Nur um was für Prinzipien gehts hier? ich kündige weil der Typ die Firma falsch ausspricht?
Die Aussprache wird wohl kein Grund sein, ich schätzte es steht stellvertretend in dem Buch/Artikel für das desinteresse Microsoft das Studio an sich als Beipiel dient.
Was die wirklichen gründe sind weiß ich natürlich auch nicht. Aber es ist schon ein unterschied ob man für ein Independent Studio arbeitet in dem man bei Entscheidungen mitreden kann, oder es auf einmal Fremddiktiert von oben Passiert. Evtl. wurde auch dort schon eine Roadmap für das Studio vorgestellt mit der der jenige nichts mehr zu tun haben wollte.

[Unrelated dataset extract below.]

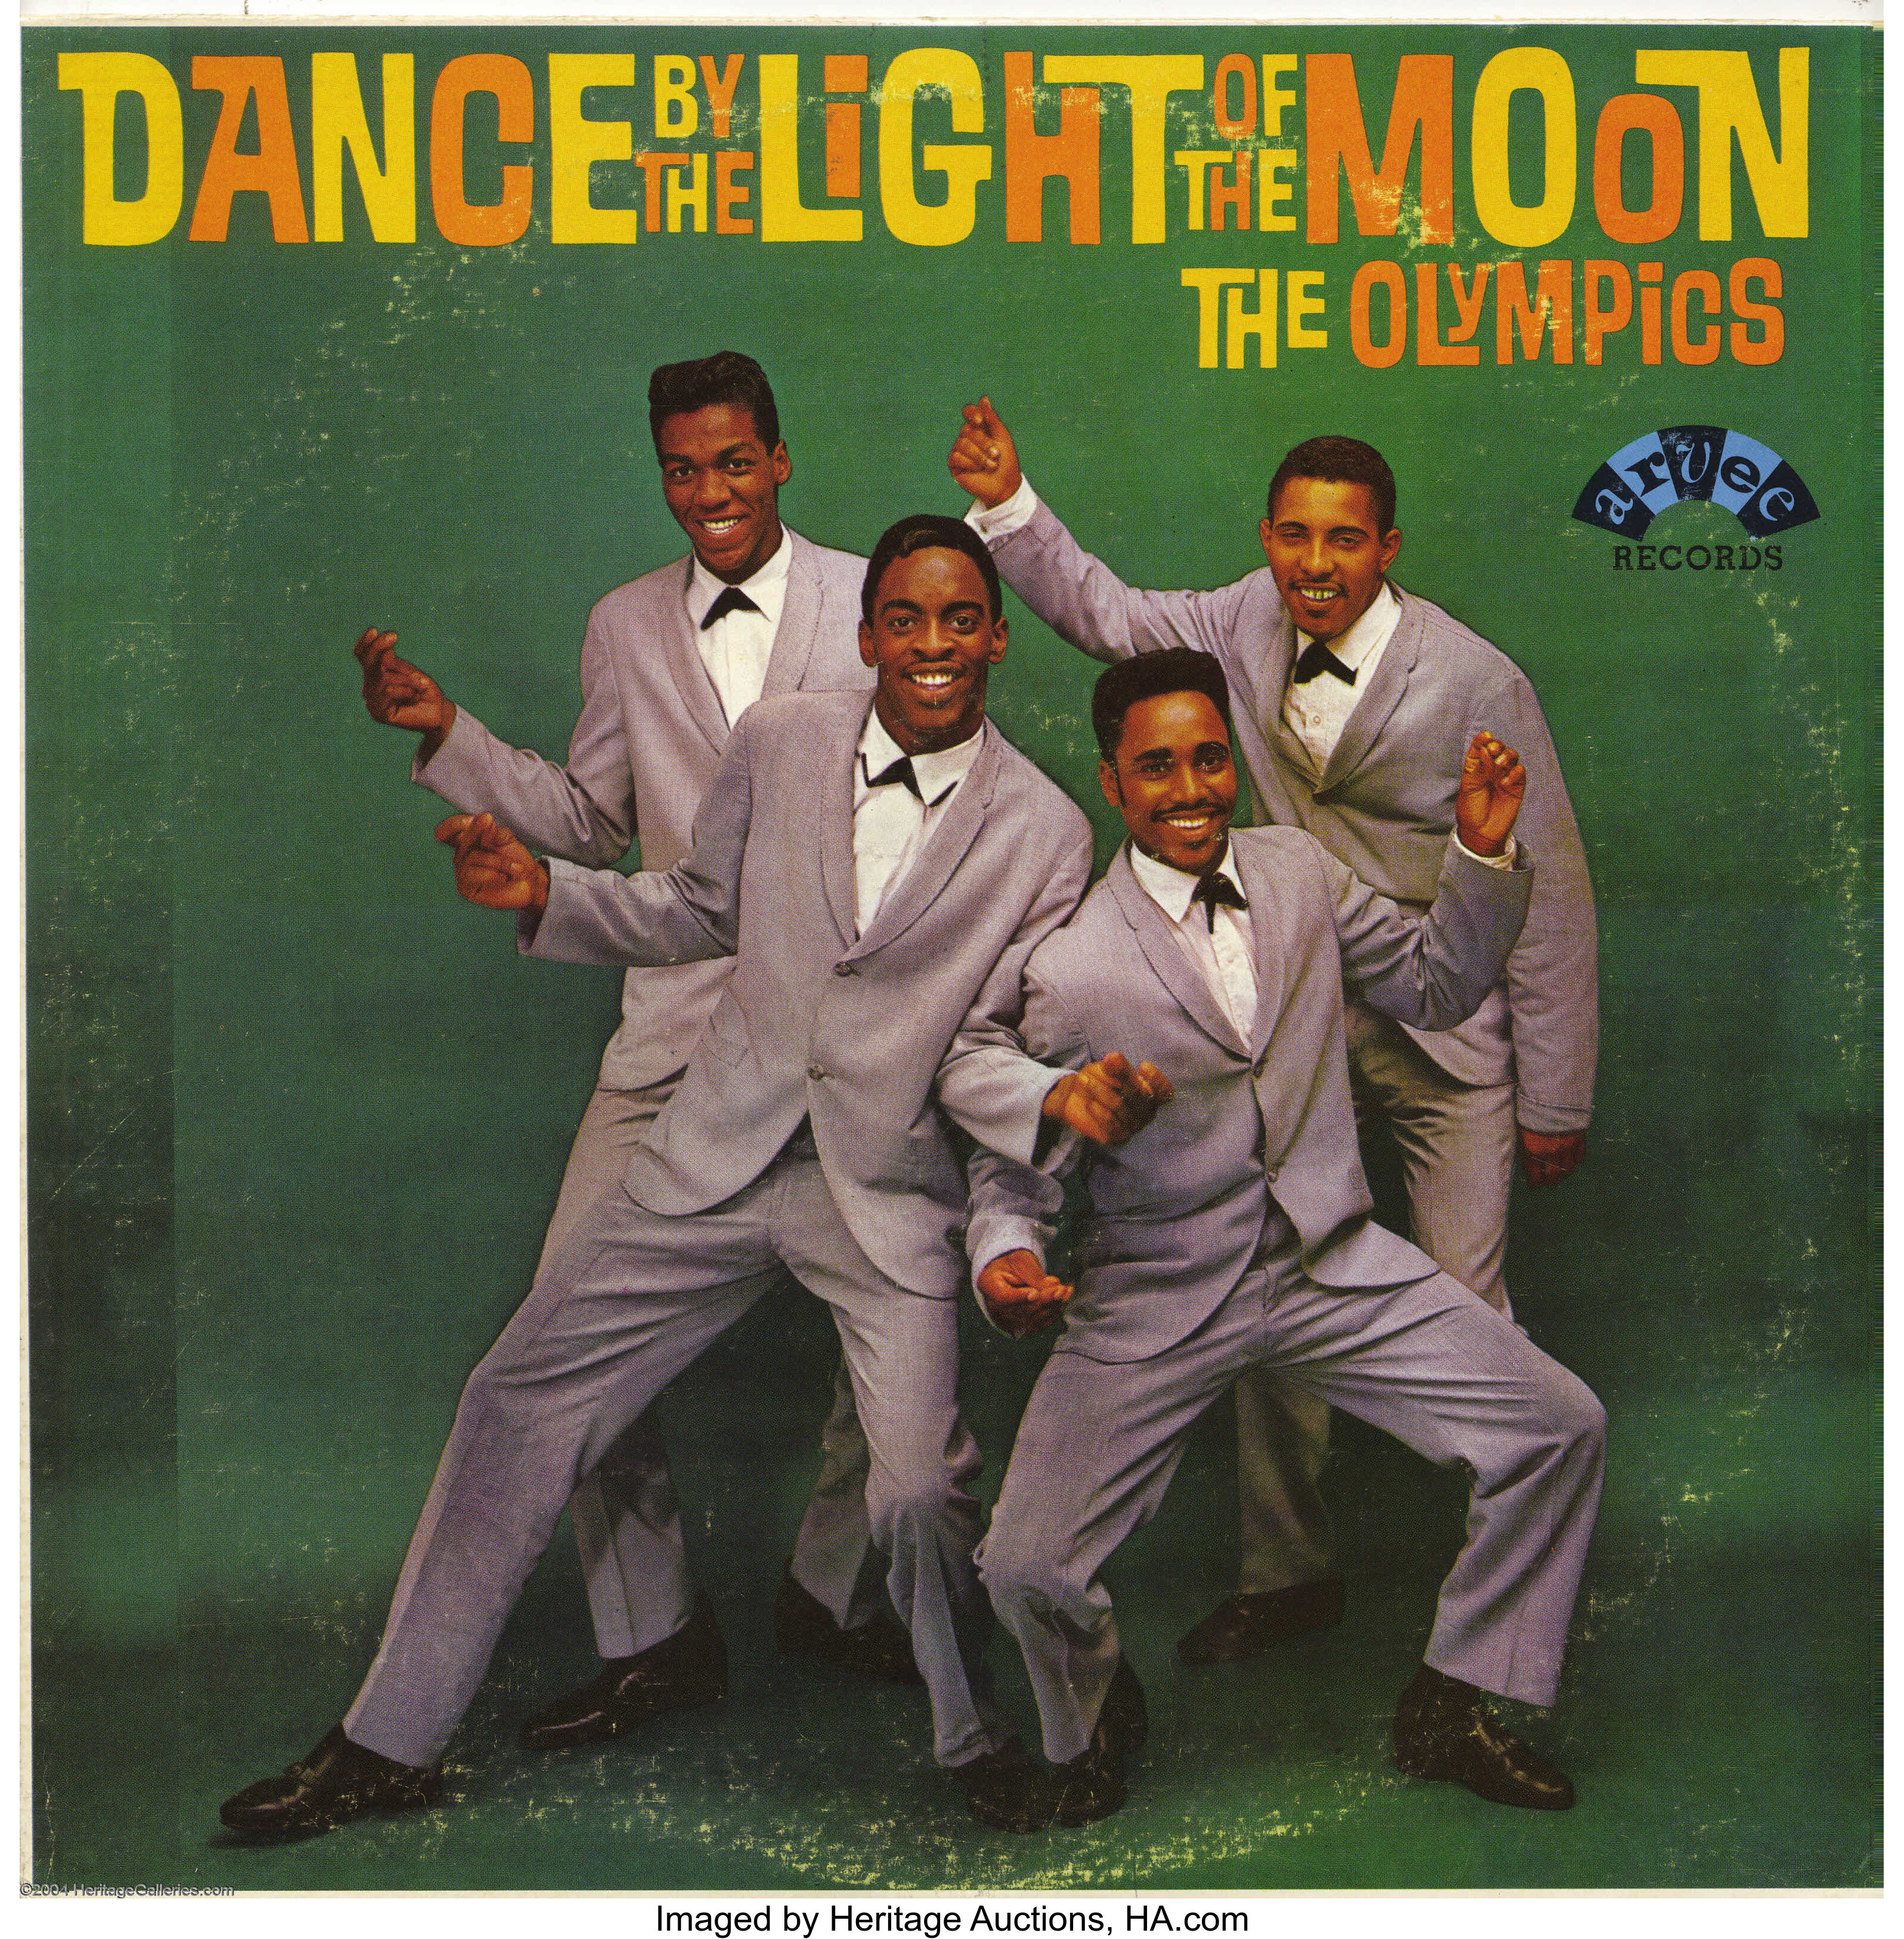 Image result for the olympics band dance by the light of the moon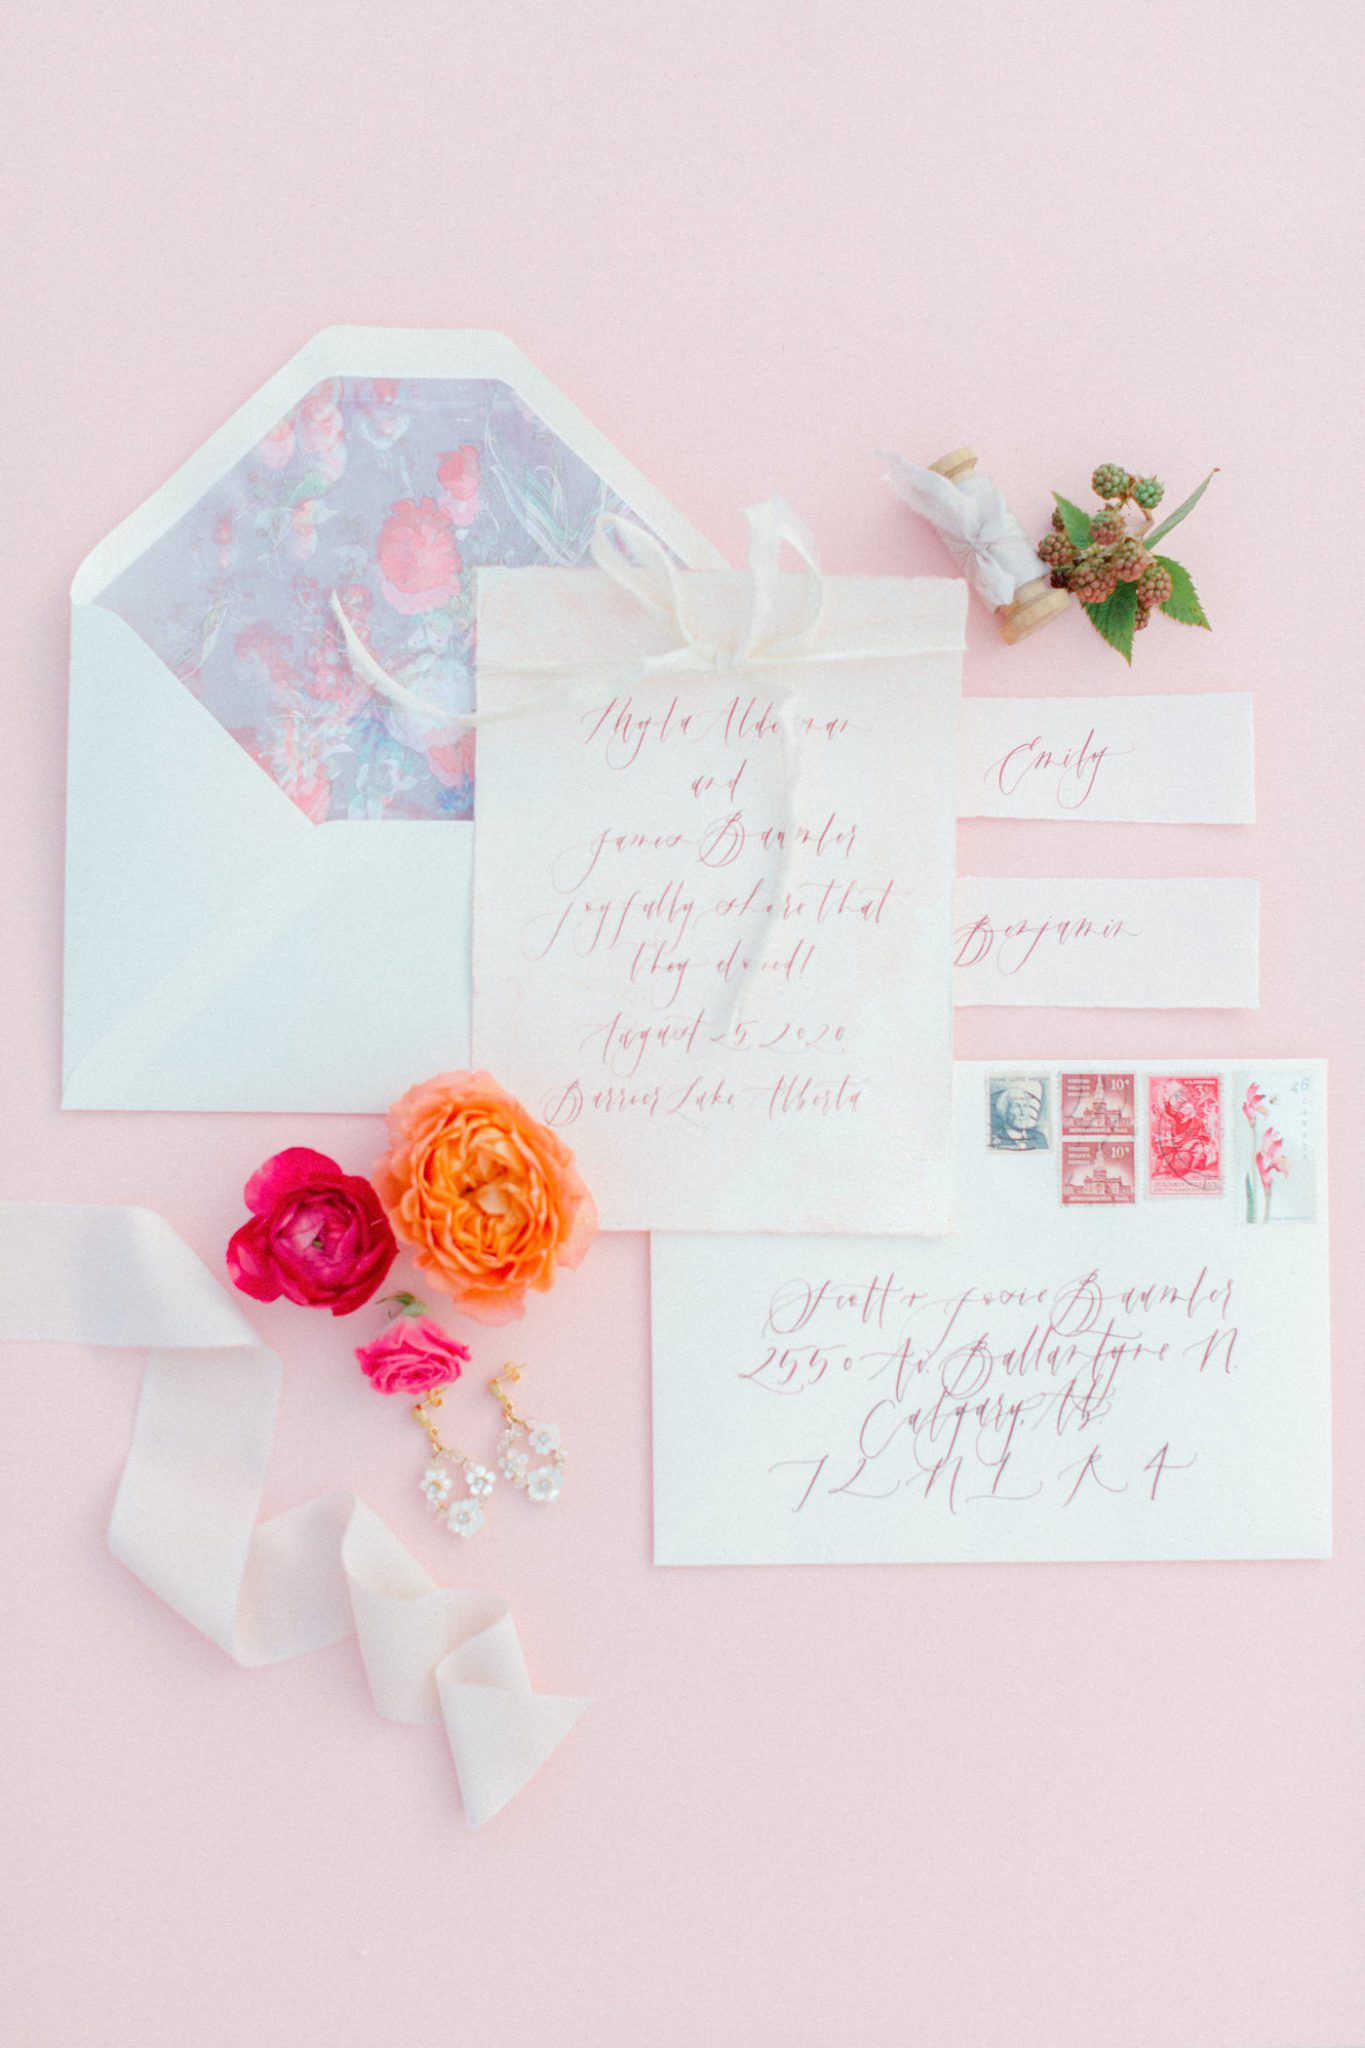 Romantic pink and white wedding stationery inspiration for a mountainside wedding

Respekt für jeden der dem Hamsterrad einer ausbeuterischen Firma durch Kündigung entkommt, keine Frage. Aber irgendwie hab ich das Gefühl hier ging es um etwas weit weniger schlimmes, zumindest legt der Artikel nichts anderes nahe.
Evtl. hatte er was gegen Amerikaner, Oder sie haben den Kaffee Rationalisiert, who knows. Wie geschrieben waren die Entwickler alles andere als Arm. Noch hat mindestens 1x seinen Gewinn an das Team weiter gegeben die 25 Mitarbeiter hatten da einfach mal 110.000 Euro mehr in der Tasche (2011). Und es gab auf jeden fall noch andere Gewinn Ausschüttungen von denen ich gelesen hab.
2013 war der Gewinn nach allen Abzügen 128.000.000 Dollar, auch davon haben sie eine gute Beteiligung erhalten.
Wenn das nicht gerade für Blackjack und Nutten drauf gegangen ist, haben die auch so ihr Haus bezahlt, und ein ordentliches Polster auf der Bank.
Damit kann man dann auch leichter seinen Prinzipien treu bleiben, als wenn man nicht weiß wie man die Rechnungen zahlen soll.